Two A.P.s have the same common difference. The first term of one A.P. is 2 and that of the other is 7. The difference between their 10th terms is the same as the difference between their 21st terms, which is the same as the difference between any two corresponding terms. Why? [NCERT Exemplar]
Solution:
Let the same common difference of two A.P.’s is d.
Given that, the first term of first A.P. and second A.P. are 2 and 7 respectively,
then the A.P.’s are 2, 2 + d, 2 + 2d, 2 + 3d, … and 7, 7 + d, 7 + 2d, 7 + 3d, …

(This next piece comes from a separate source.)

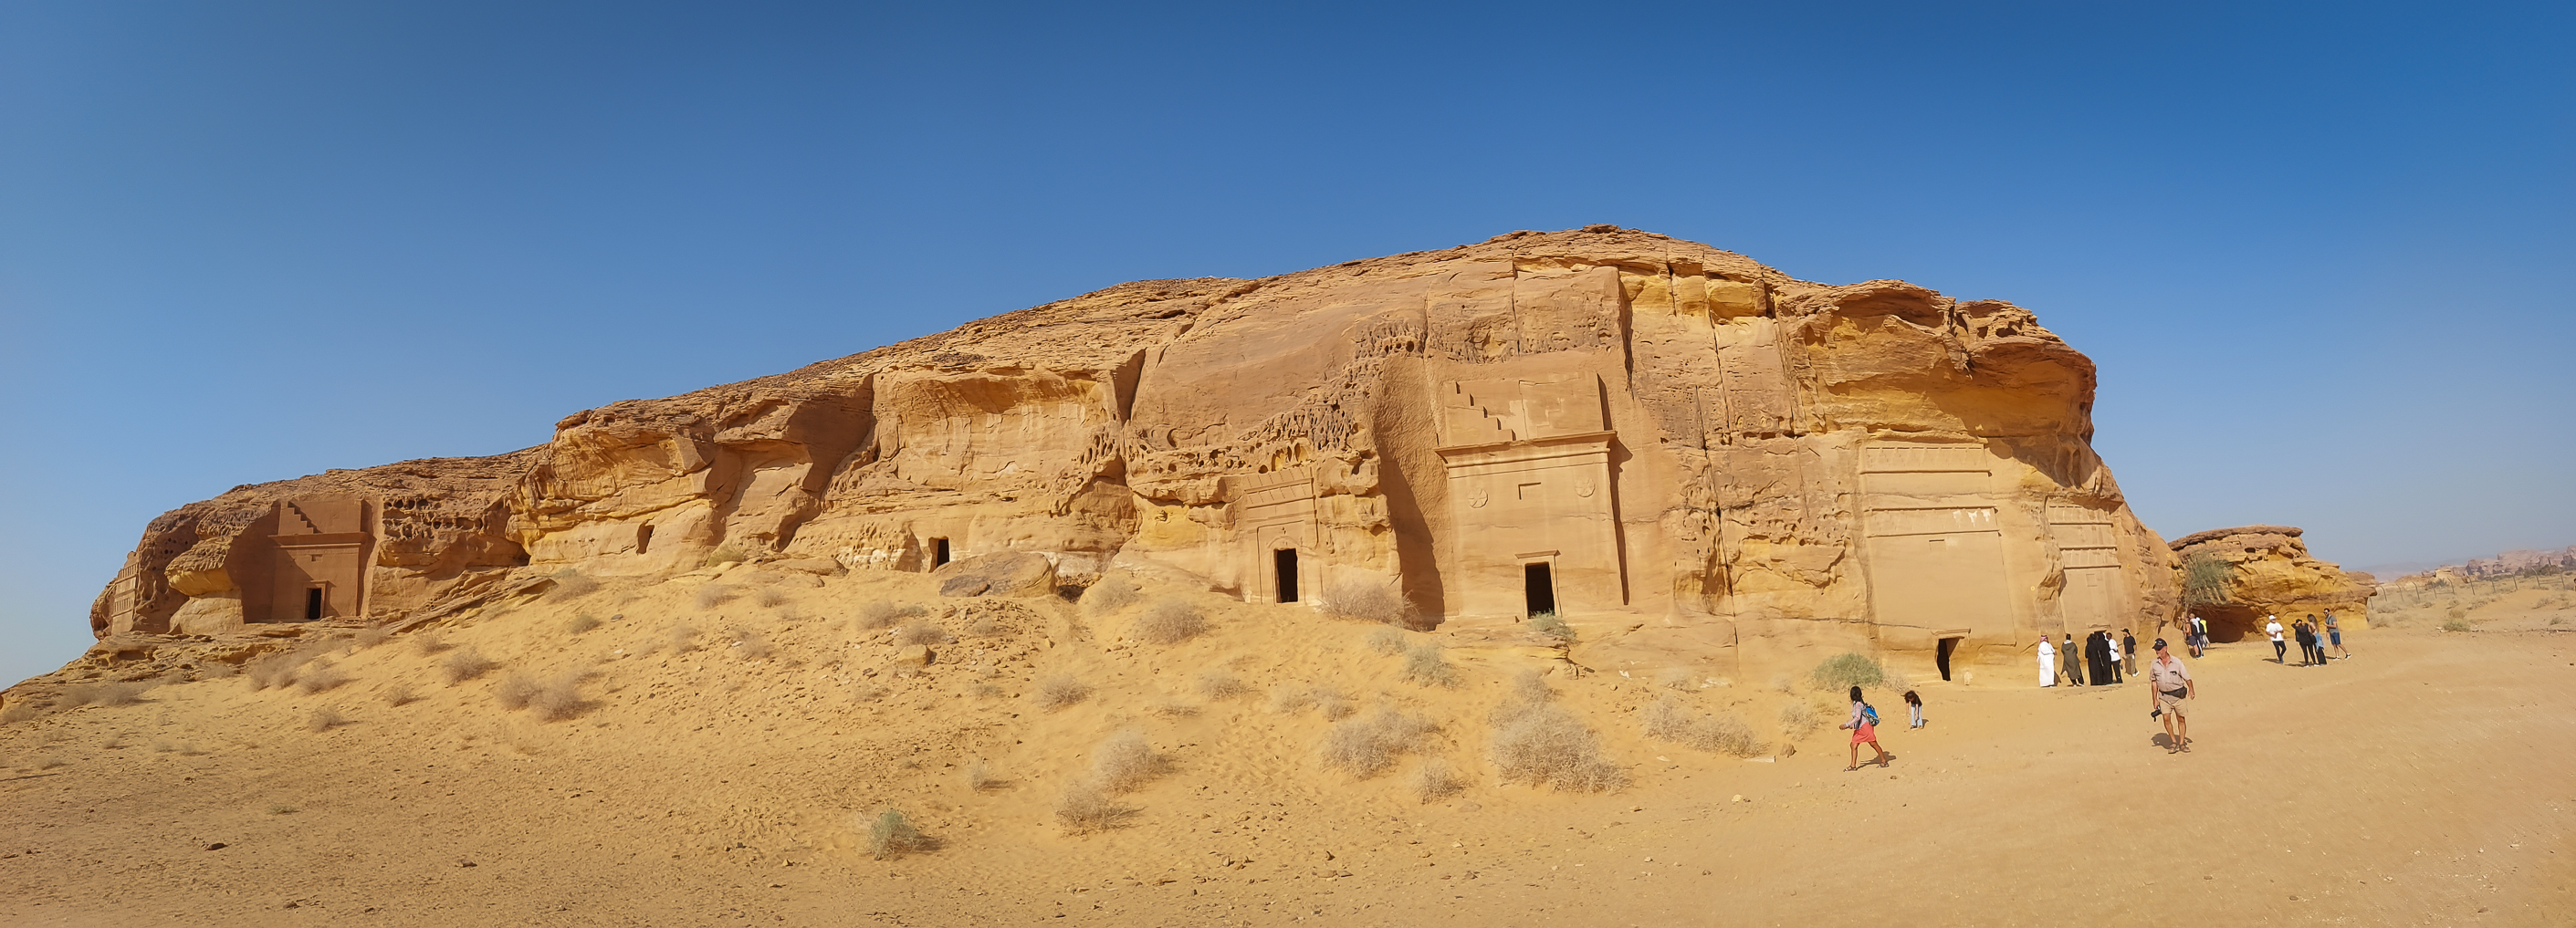 <span  class="uc_style_uc_tiles_grid_image_elementor_uc_items_attribute_title" style="color:#ffffff;">rock tombs in Al Ula (they call it 'Petra of Saudi Arabia')</span>

Now, 10th terms of first and second A.P.’s are 2 + 9d and 7 + 9d, respectively.
So, their difference is 7 + 9d – (2 + 9d) = 5
Also, 21st terms of first and second A.P.’s are 2 + 20d and 7 + 20d, respectively.
So, their difference is 7 + 20d – (2 + 9d) = 5
Also, if the a_n and b_n are the nth terms of first and second A.P.
Then b_n – a_n = [7 + (n – 1 ) d] – [2 + (n – 1) d = 5
Hence, the difference between any two corresponding terms of such A.P.’s is the same as the difference between their first terms.

Hope given RD Sharma Class 10 Solutions Chapter 5 Arithmetic Progressions Ex 5.4 are helpful to complete your math homework.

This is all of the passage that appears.